Effect of Group Led Creative Writing on Mood in Cancer Patients

The primary purpose of this study is to determine whether creative writing in newly diagnosed cancer patients and those with recent progression in their disease will have a positive impact on their mental health. Using a randomized controlled trial approach, emotion thermometers will be employed to evaluate participants' responses on a number of domains, such as anxiety, depression, despair, and anger along with a series of survey questions to monitor changes in depressive and anxiety symptoms.
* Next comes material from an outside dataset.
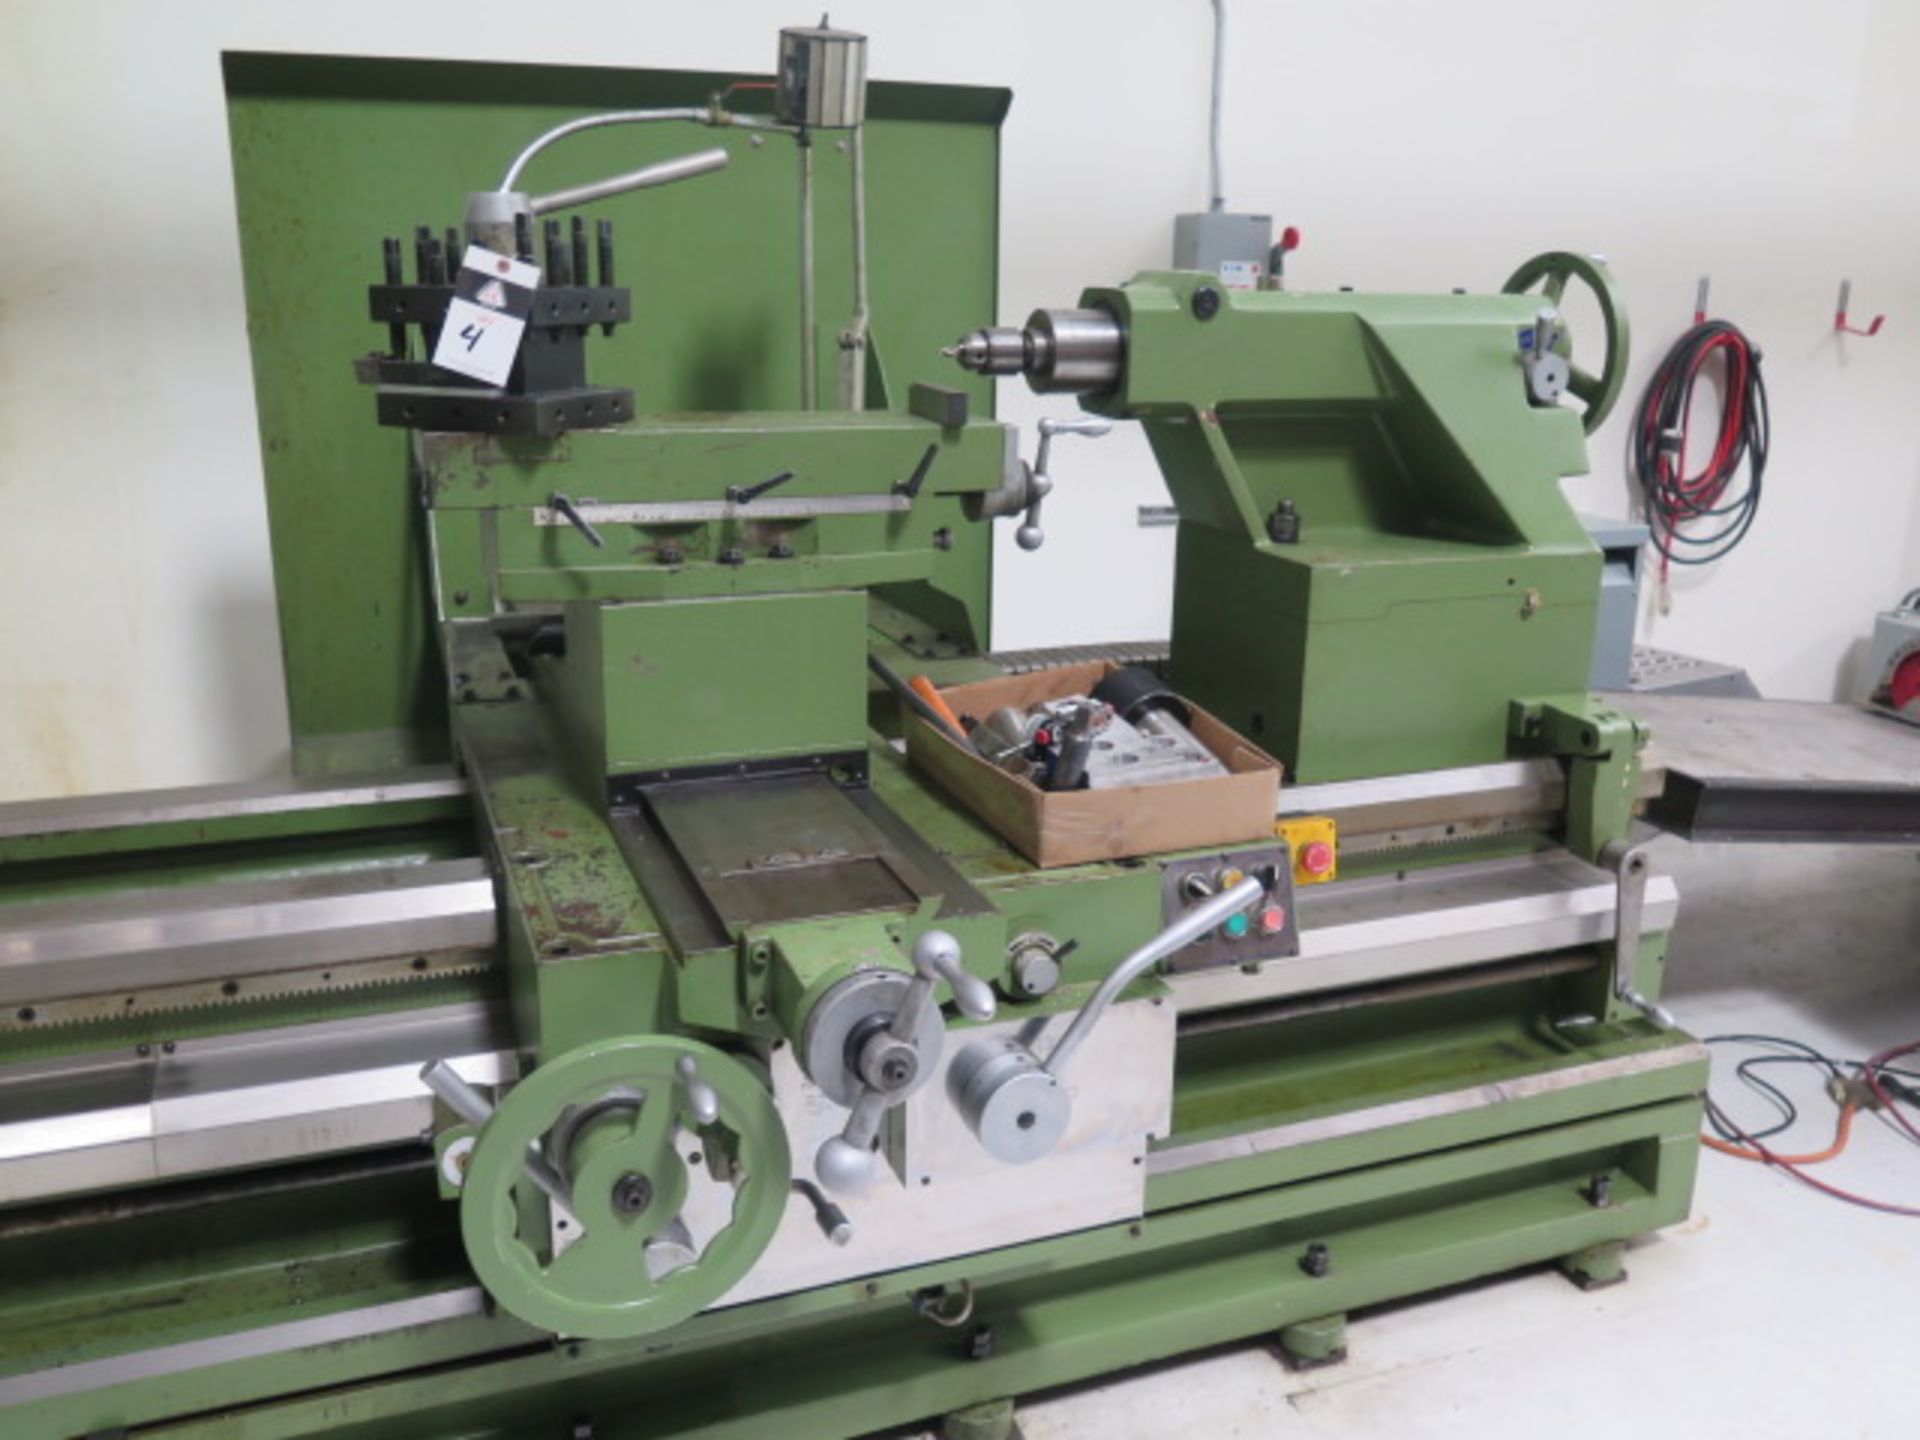 2008 Eisen PS-4560 45” x 60” Geared Head Lathe s/n 08120678 w/ 6” Thru Spindle Bore, 7-700 RPM, - Image 10 of 16

Open-ended survey questions will be used to capture how a creative writing intervention impacts participants' experience of their illness. Melissa Greene's Write from the Heart program focuses more on creative writing rather than cancer focused topics. Patients in the intervention arm will complete -one and a half hour group sessions every two weeks over the span of 3 months. Participants in the active control arm will be provided a book (i.e., Writing Down Bones by Natalie Goldberg) about creative writing and will be asked to do activities for 1.5 hrs every 2 weeks for a period of 3 months.

Study Overview

• Status: Completed
• Conditions: Cancer Patients
• Intervention / Treatment: Other: Creative Writing Workshop; Other: Independent Writing - Control Group

Detailed Description

Mental wellness before and after intervention in both arms. A validated Emotional Thermometer Scales will be used to predict changes in parameters reflecting participants' mental health pre- and post-intervention. Survey questions focused on symptoms of depression and anxiety will be used to monitor for changes in mental wellness pre- and post-intervention.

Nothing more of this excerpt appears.